Scanning laser densitometry in multiple evanescent white dot syndrome.

1993 
: A 28-year-old man with multiple evanescent white dot syndrome (MEWDS) in the left eye was examined with a scanning laser densitometer. The first measurements were taken in the acute stage, and repeat examinations were performed during the process of recovery. Fundus pictures were obtained from a 20 degrees retinal field, in dark and light adapted stages. From these images visual pigment density maps were derived. In the acute stage of the disease, maps revealed small round areas of absent visual pigment, which did not always correspond with the visible white dots. The areas of absent visual pigment density were also larger than the white dots seen on funduscopic examination. Single spot densitometry at the fovea was also performed and showed no significant density difference of the foveal cones.
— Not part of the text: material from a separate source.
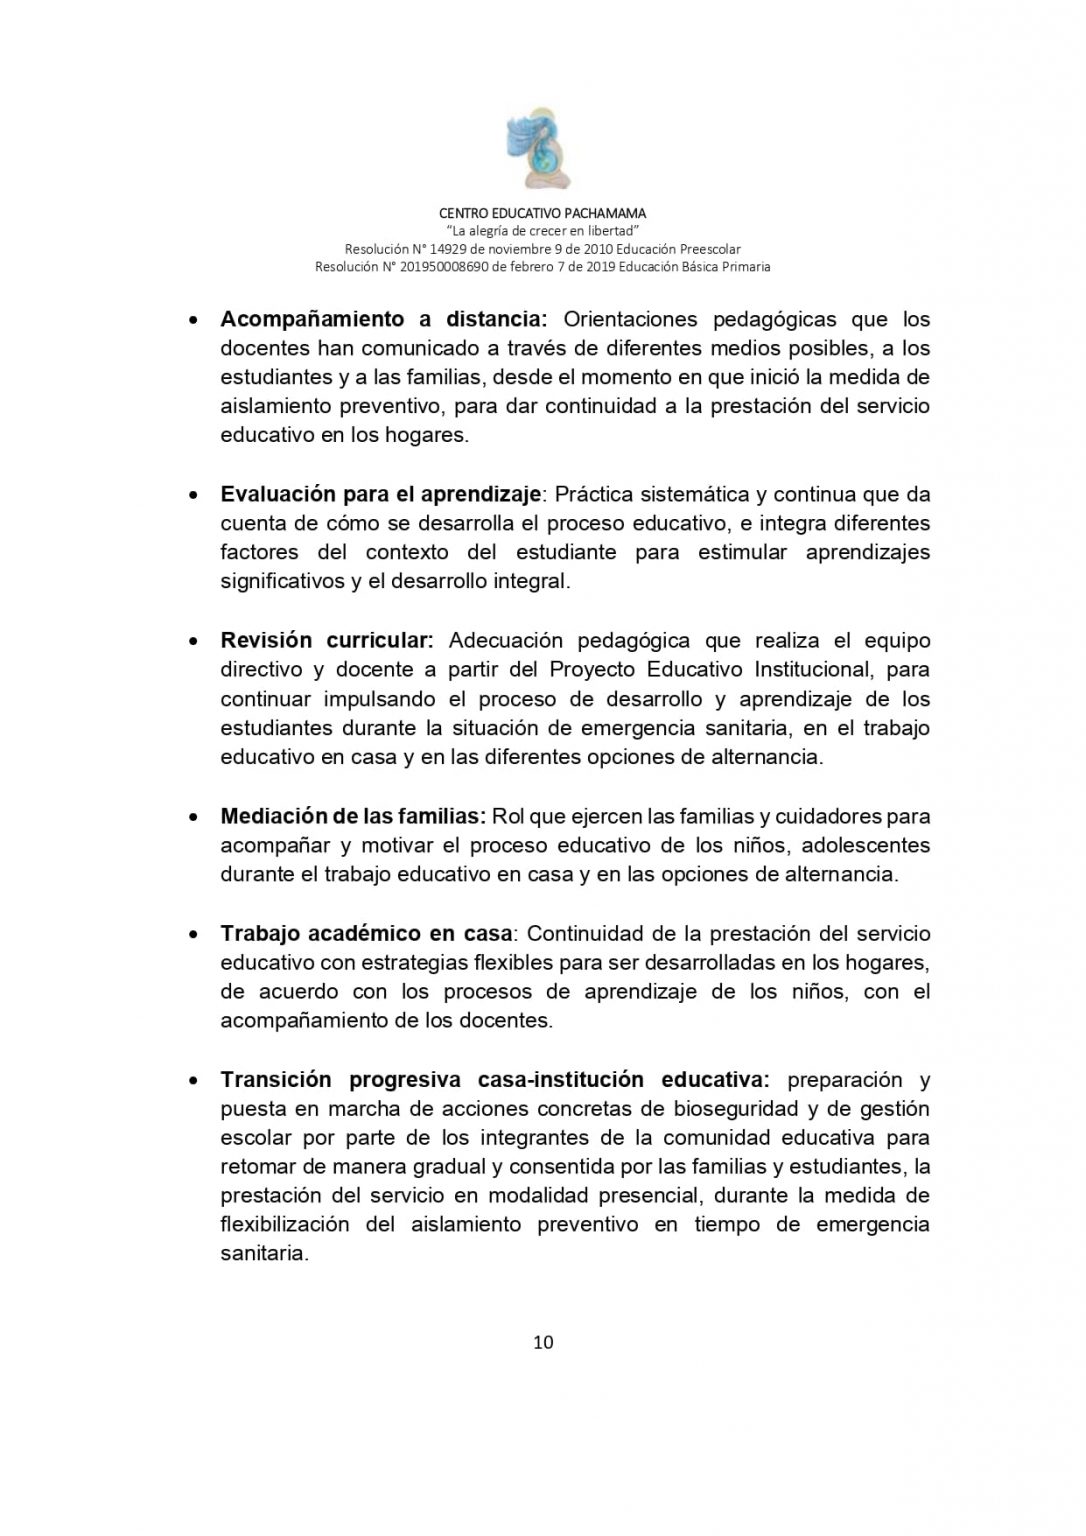 PROTOCOLO DE BIOSEGURIDAD PACHAMAMA Última Versión (3)-convertido_page-0010

Rod density difference measured at a locus 16 degrees in the temporal retina was much lower than normal with an increased time constant of rhodopsin regeneration. Ten weeks after the onset of the disease, no white dot lesions were visible on funduscopic examination. Rod density difference and regeneration time had become normal again, but with scanning laser densitometry the abnormal areas of no pigment were still faintly visible. It is concluded that these findings, completed with data of electroretinography, anomaloscopic testing, and perimetry, are in agreement with a metabolic disturbance at the level of the retinal pigment epithelium-photoreceptor complex.